• [Action item]:
Using the material below, set down only the line containing "A variety of" and the lines after it, unchanged.

[Start of section]

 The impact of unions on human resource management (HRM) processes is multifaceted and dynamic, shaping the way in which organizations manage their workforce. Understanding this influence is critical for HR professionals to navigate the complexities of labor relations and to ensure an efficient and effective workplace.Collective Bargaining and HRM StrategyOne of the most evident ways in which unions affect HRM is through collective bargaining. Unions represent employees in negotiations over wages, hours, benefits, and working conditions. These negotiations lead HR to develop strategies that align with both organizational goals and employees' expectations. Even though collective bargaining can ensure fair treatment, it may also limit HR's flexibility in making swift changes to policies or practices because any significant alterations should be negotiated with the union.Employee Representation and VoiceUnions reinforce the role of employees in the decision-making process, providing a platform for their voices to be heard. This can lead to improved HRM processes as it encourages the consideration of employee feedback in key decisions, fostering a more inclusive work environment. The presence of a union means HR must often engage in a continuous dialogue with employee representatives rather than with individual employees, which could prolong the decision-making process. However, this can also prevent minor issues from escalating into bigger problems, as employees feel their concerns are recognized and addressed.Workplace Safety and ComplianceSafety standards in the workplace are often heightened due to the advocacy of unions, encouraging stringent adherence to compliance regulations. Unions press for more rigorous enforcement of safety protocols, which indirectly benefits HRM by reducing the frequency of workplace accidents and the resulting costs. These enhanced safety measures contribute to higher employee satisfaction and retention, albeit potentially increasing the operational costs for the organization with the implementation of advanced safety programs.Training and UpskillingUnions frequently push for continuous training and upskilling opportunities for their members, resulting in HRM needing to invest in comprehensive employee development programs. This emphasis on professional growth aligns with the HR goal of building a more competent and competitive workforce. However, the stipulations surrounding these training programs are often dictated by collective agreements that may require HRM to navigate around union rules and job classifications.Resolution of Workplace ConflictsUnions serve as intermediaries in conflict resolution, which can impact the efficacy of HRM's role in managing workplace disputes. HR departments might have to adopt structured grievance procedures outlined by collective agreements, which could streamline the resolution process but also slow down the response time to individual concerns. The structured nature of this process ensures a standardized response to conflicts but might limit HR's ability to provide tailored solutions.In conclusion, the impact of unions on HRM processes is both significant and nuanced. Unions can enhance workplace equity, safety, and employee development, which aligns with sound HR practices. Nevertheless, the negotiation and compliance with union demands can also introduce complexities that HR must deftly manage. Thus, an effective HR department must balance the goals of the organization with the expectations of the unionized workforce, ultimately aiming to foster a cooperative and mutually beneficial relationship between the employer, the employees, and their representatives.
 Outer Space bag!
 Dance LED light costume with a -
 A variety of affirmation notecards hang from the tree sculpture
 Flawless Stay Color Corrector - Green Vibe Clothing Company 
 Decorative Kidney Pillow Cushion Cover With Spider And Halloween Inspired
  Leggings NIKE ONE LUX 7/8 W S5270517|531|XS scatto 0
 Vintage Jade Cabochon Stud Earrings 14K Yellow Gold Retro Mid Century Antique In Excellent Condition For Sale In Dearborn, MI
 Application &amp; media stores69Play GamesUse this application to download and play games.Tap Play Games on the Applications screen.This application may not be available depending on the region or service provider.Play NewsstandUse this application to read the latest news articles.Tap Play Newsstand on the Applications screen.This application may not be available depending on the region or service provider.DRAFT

[End of section]

• [Task output]:
 A variety of affirmation notecards hang from the tree sculpture
 Flawless Stay Color Corrector - Green Vibe Clothing Company 
 Decorative Kidney Pillow Cushion Cover With Spider And Halloween Inspired
  Leggings NIKE ONE LUX 7/8 W S5270517|531|XS scatto 0
 Vintage Jade Cabochon Stud Earrings 14K Yellow Gold Retro Mid Century Antique In Excellent Condition For Sale In Dearborn, MI
 Application &amp; media stores69Play GamesUse this application to download and play games.Tap Play Games on the Applications screen.This application may not be available depending on the region or service provider.Play NewsstandUse this application to read the latest news articles.Tap Play Newsstand on the Applications screen.This application may not be available depending on the region or service provider.DRAFT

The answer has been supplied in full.